What remains of the GOP is a party dominated by it's base of zealots who have been misled and emotionally inflamed. My main concern at this stage is that the Republicans don't drag the rest of the nation down with them as they are consumed. The country need for the GOP to gently implode rather than violently explode.
As we know only too well, zealots can be extremely dangerous. They want to believe what they want to believe, facts be damned. Closed minds such as that can't be reasoned with, as can be witnessed in our sparring with some of them here at TPM.
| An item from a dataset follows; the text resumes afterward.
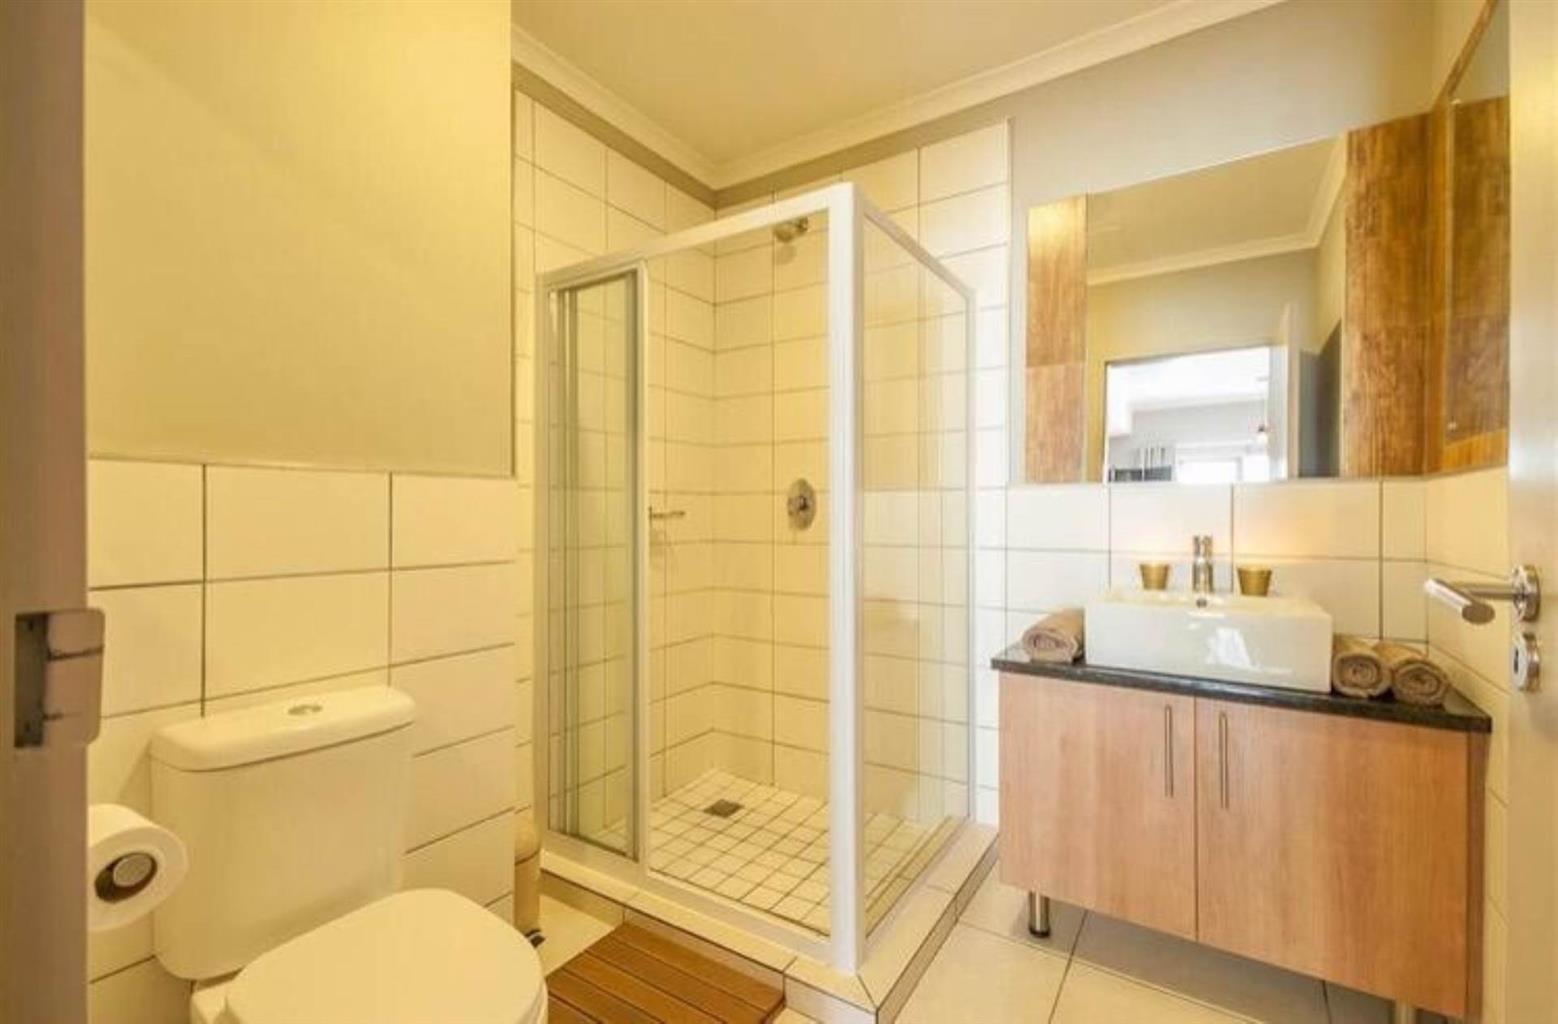 Apartment Rental Monthly in WOODSTOCK UPPER
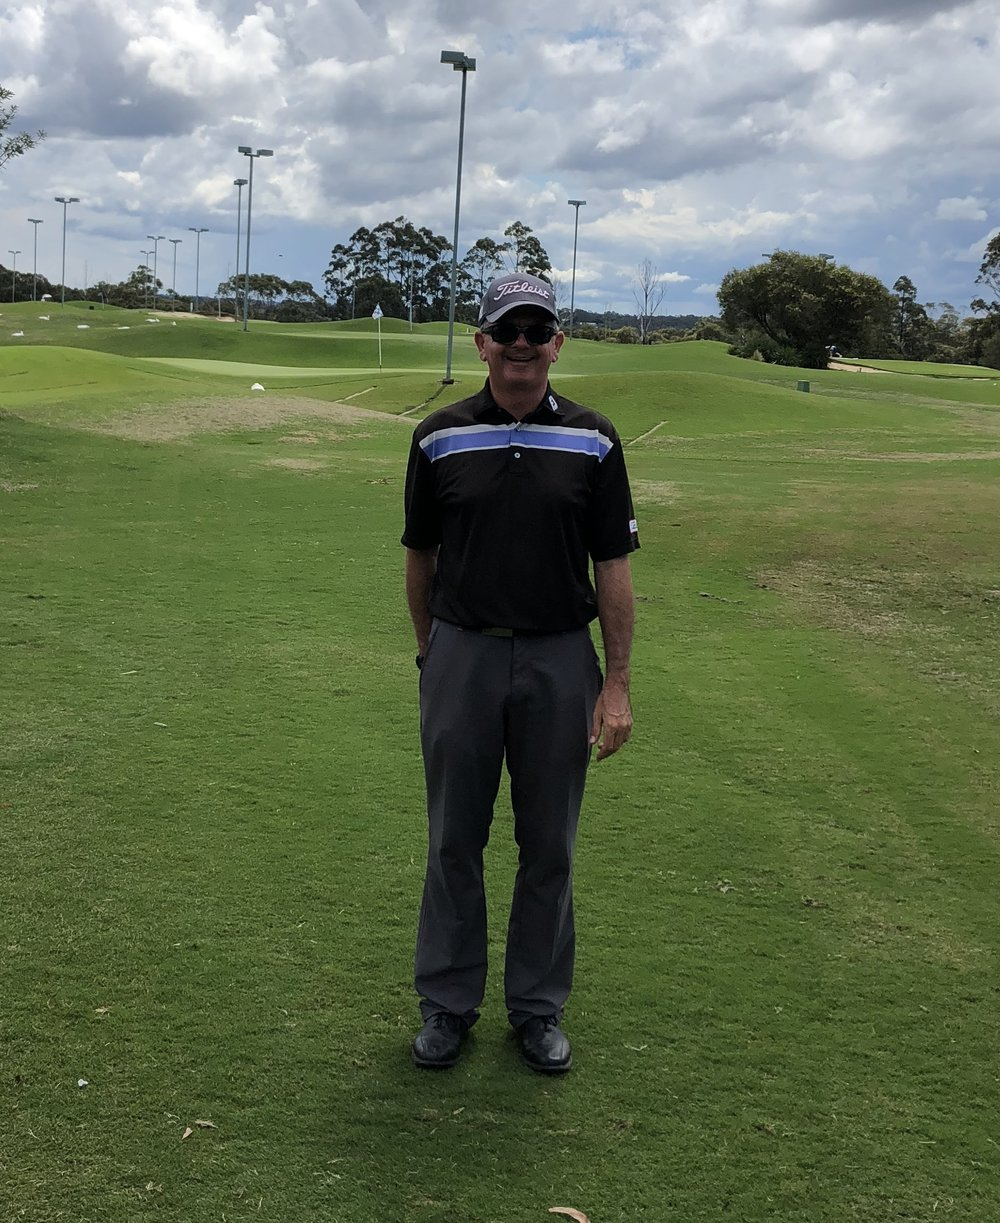 Simon Deep On The Tee Travel Golf School.jpg

March 10, 2009 12:04 PM | Reply | Permalink
I very much consider myself a conservative--I have been one ever since I saw how liberals ran my home city, New York City, in the 1960s and 1970s.
But before you throw me out of here, I have something to say: The conservative movement, of which I was a part, has now turned inward. It is less concerned with attracting new adherents, than it is in remaining within its echo chamber of blogs and talk radio, its current adherents concentrated in a little group of remaining Red States. In a troubled time, reassurance from the echo chamber counts more than anything else.
When I have asked these conservatives how THEY would attract voters in Purple and Blue States, I rarely got an answer. Finally, I did. They said they don't care if the GOP wins national elections anymore, as long as it continues to reflect their views. And on that note, I bid them goodbye. I'm now registered as an Independent.
Ok, I'm done. You can take my account and password away now, as all those right-wing blogs did. :-)
March 10, 2009 1:02 PM | Reply | Permalink
Speaking for myself, you are welcome here. Reason and rationality are always welcome. Open and honest consideration of alternate perspectives and differing analysis are critical components of the boiling down process which moves us closer to discovering "truth".
I don't believe that I'm always right. Far from it. Opinionated, yes, always right, no. I pray that I always remain open to the possibility that I may be wrong in my thinking, else I become a zealot. Just my two cents.
March 10, 2009 1:40 PM | Reply | Permalink
Insanity? I don't think so. I think we have groups in humanity that have decided blind spots.
One group states that they are following God to live right and expect the rest of us to fall into line. The higher the expectation that we sinful folk have to "fall into line", it seems to me the higher the likelihood that these folks are Republican.
Another group believes in social Darwinism and that everyone should rely on themselves and on no one else. Again, the higher this believe in self-reliance to the exclusion of the larger society, the higher the likelihood that these folks are Republican.
From my reading of history, it seems to me we've had these religious and aristocratic forces in play for quite some time. America is where we said "no" to them....but that doesn't mean that they have gone away. They are still with us.